Problem details ▸
Repeat, line for line, only the span that opens at the "Premium café molido" line and closes at the final line below. Skip the pictures.

Information supplied ▸
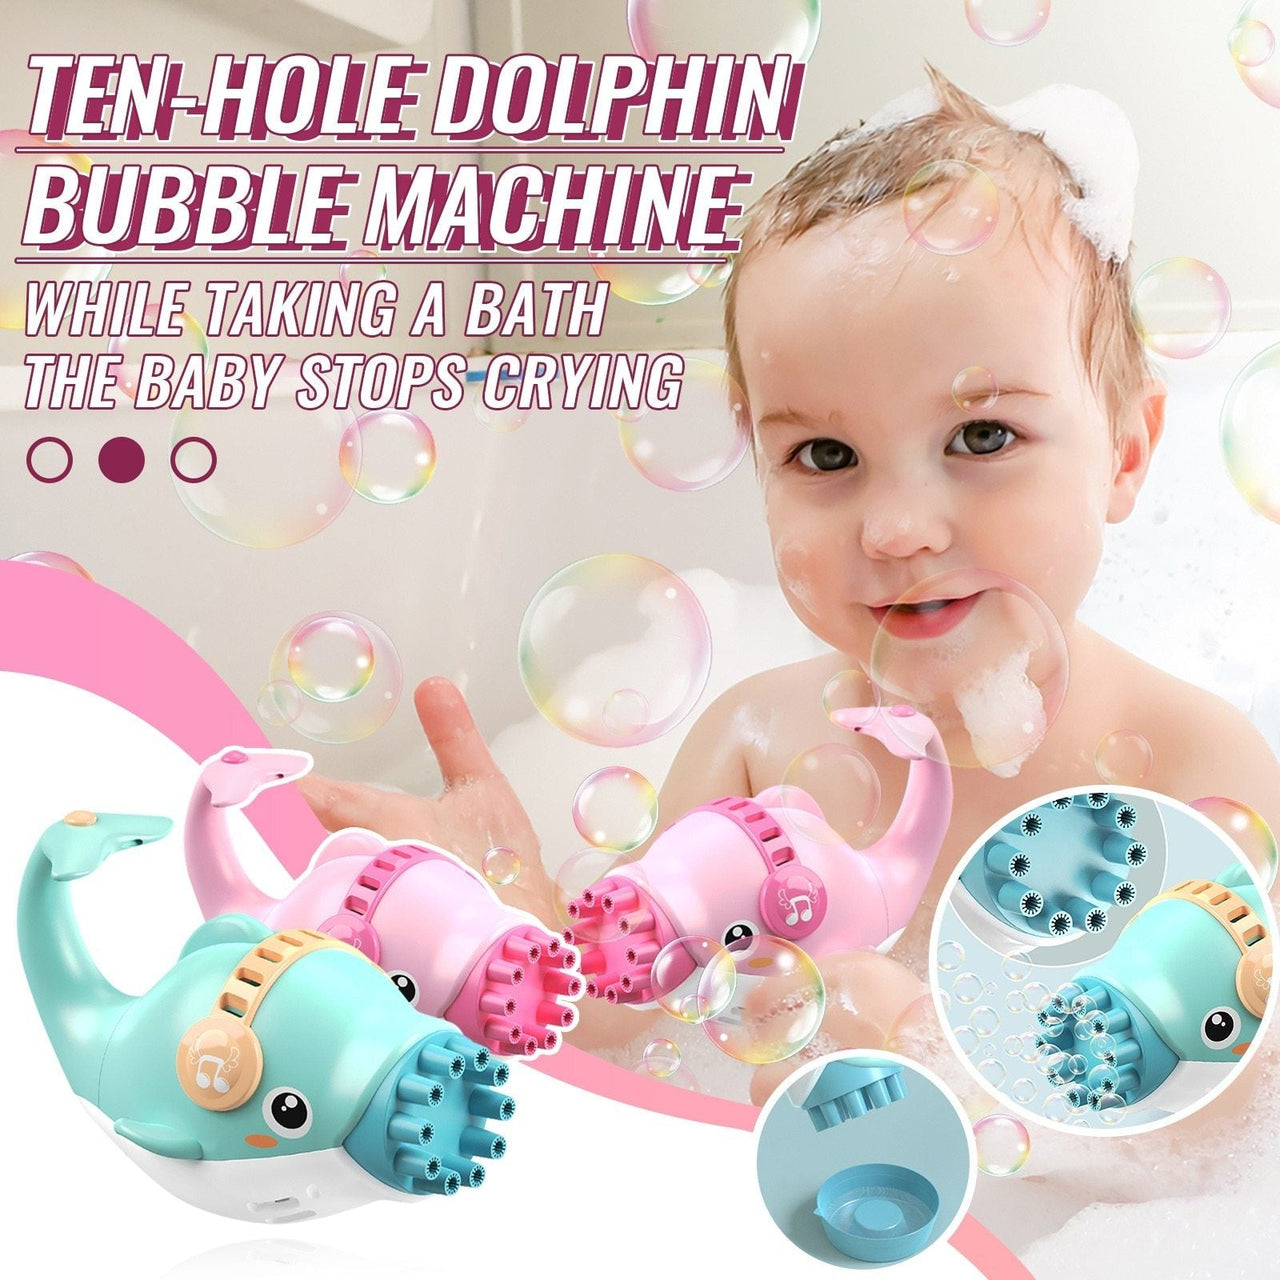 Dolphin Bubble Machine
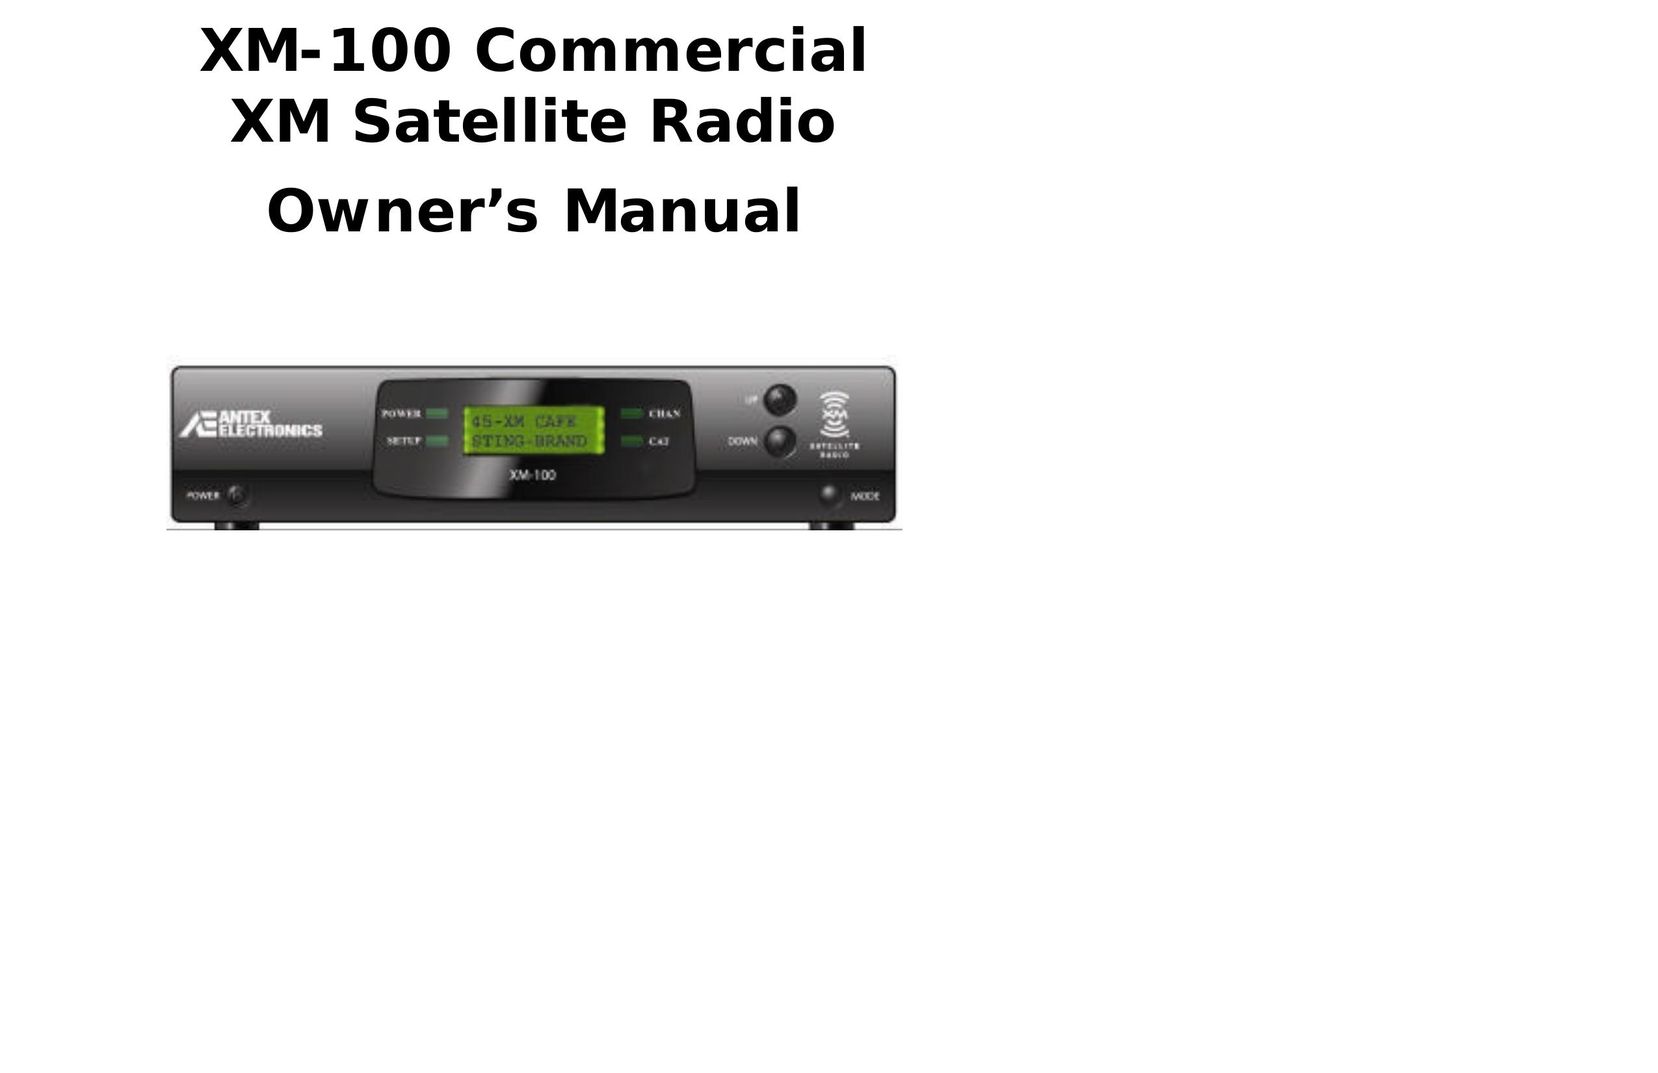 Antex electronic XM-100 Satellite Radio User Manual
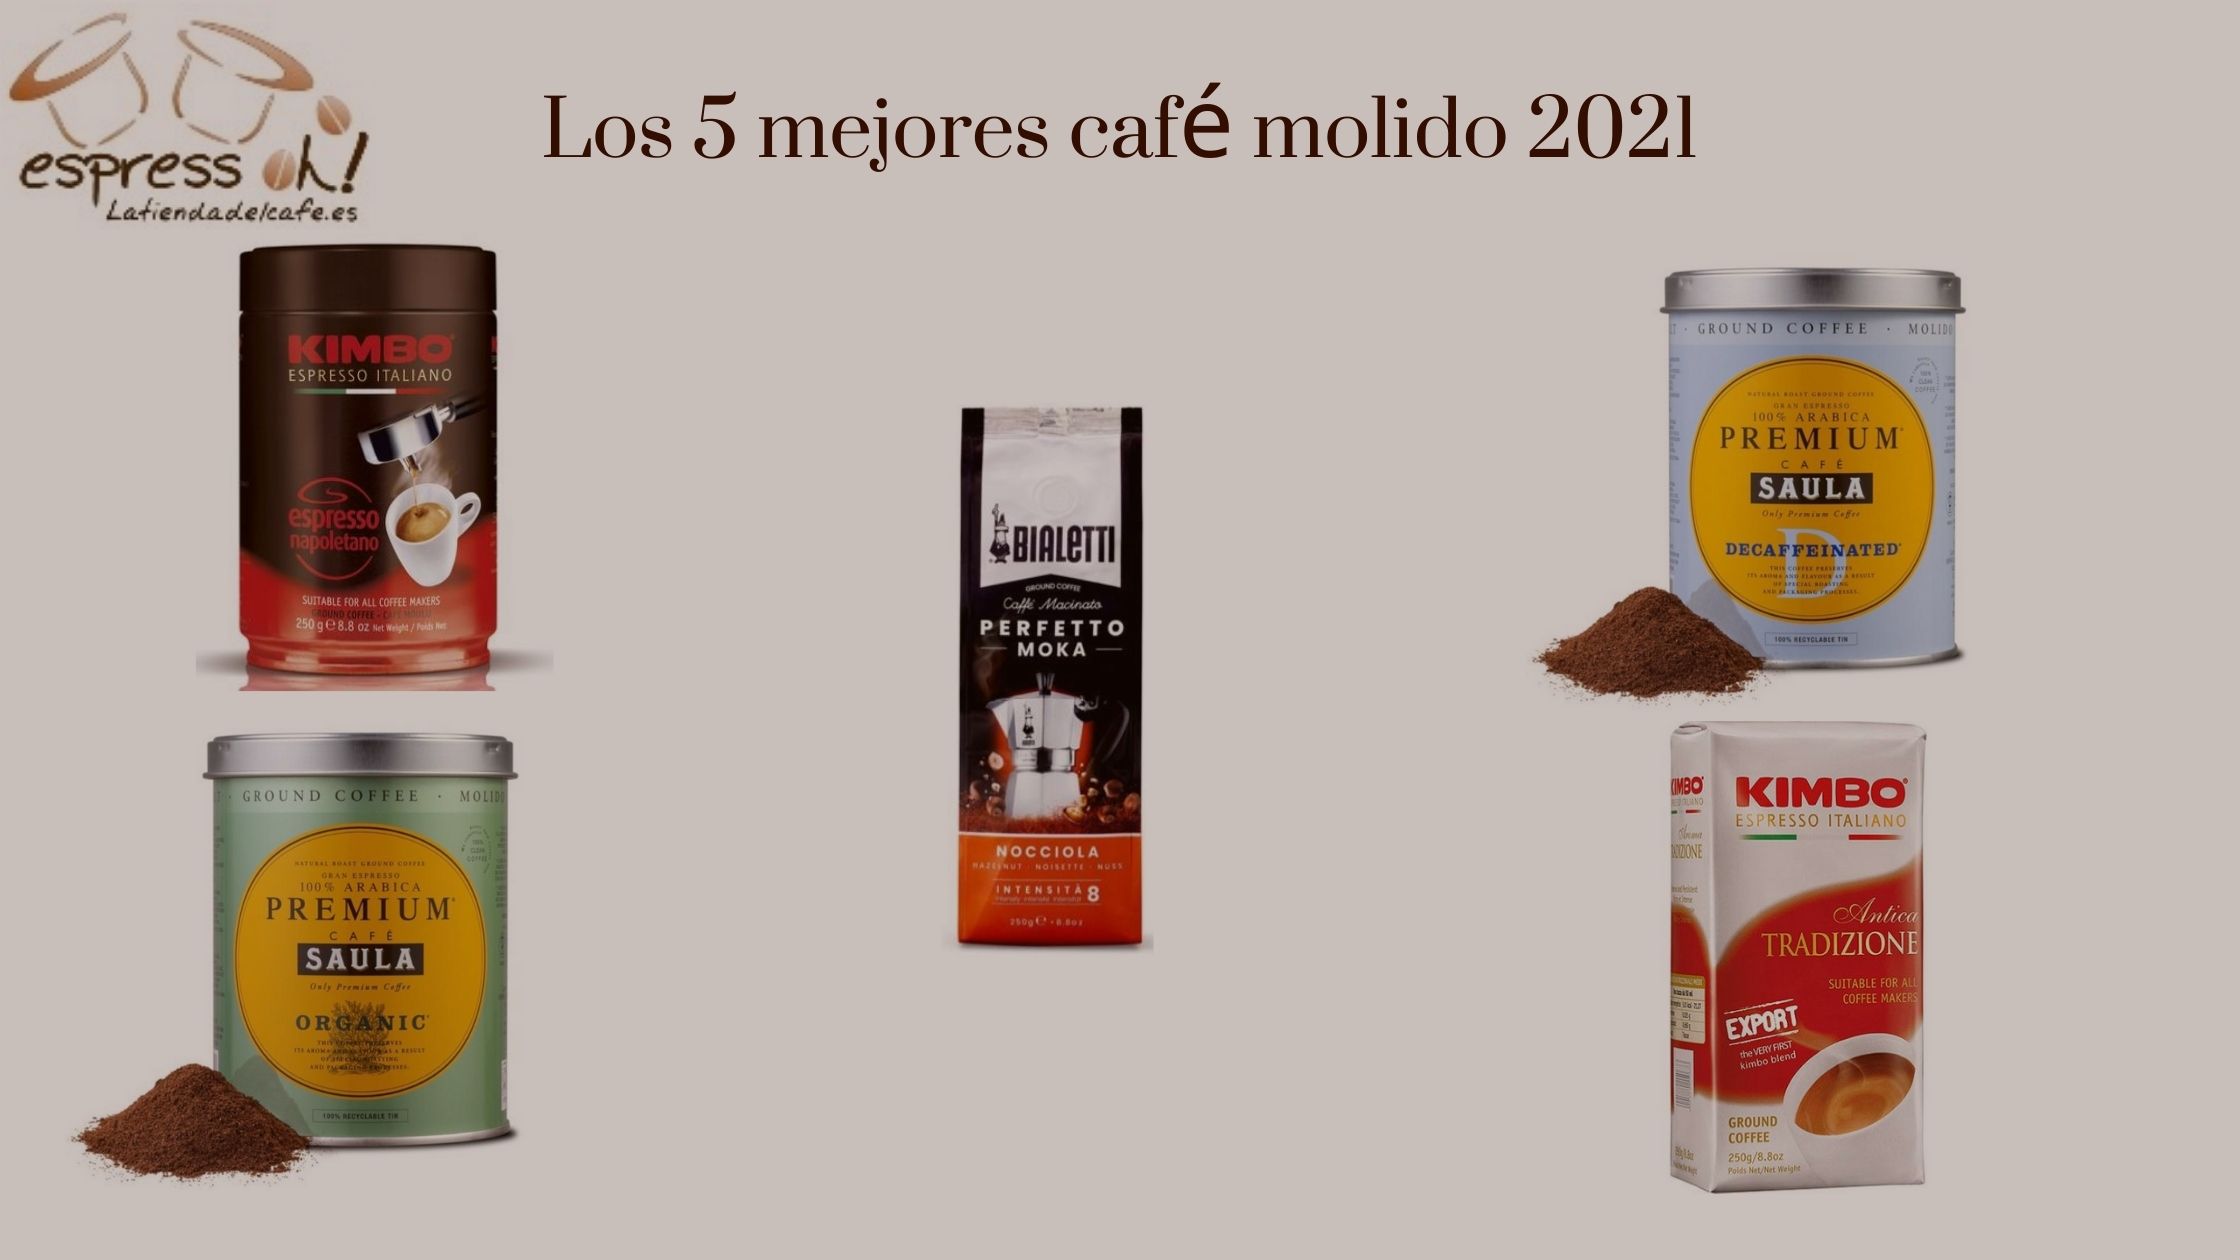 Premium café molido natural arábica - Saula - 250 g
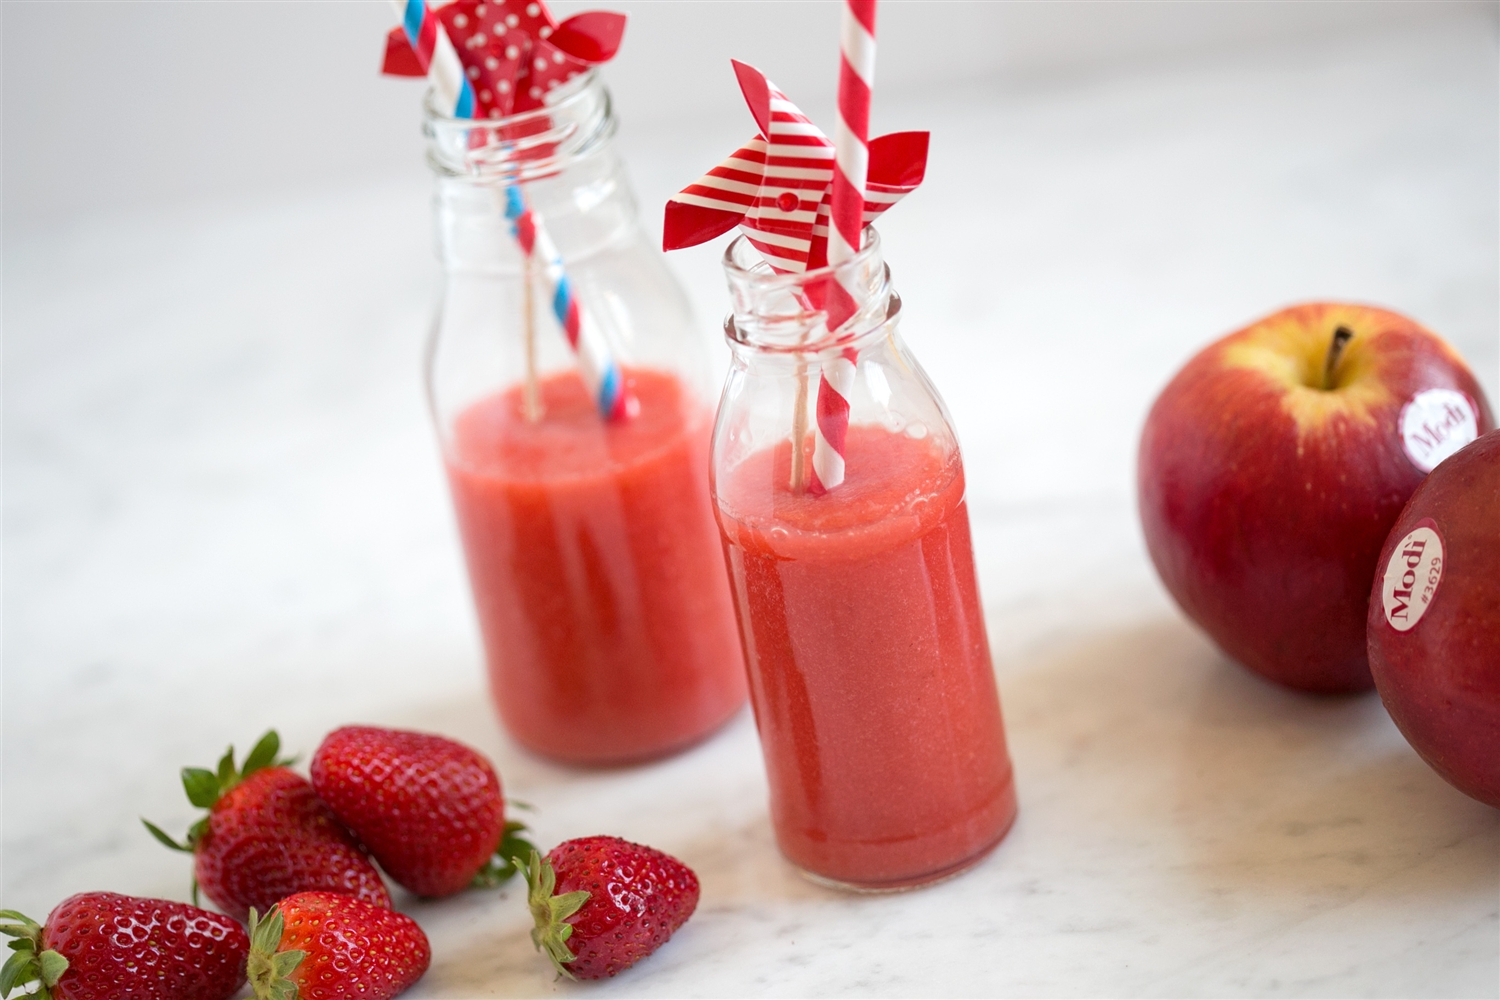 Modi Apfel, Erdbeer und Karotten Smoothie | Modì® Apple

Solution to this exercise ▸
 Premium café molido natural arábica - Saula - 250 g
 Modi Apfel, Erdbeer und Karotten Smoothie | Modì® Apple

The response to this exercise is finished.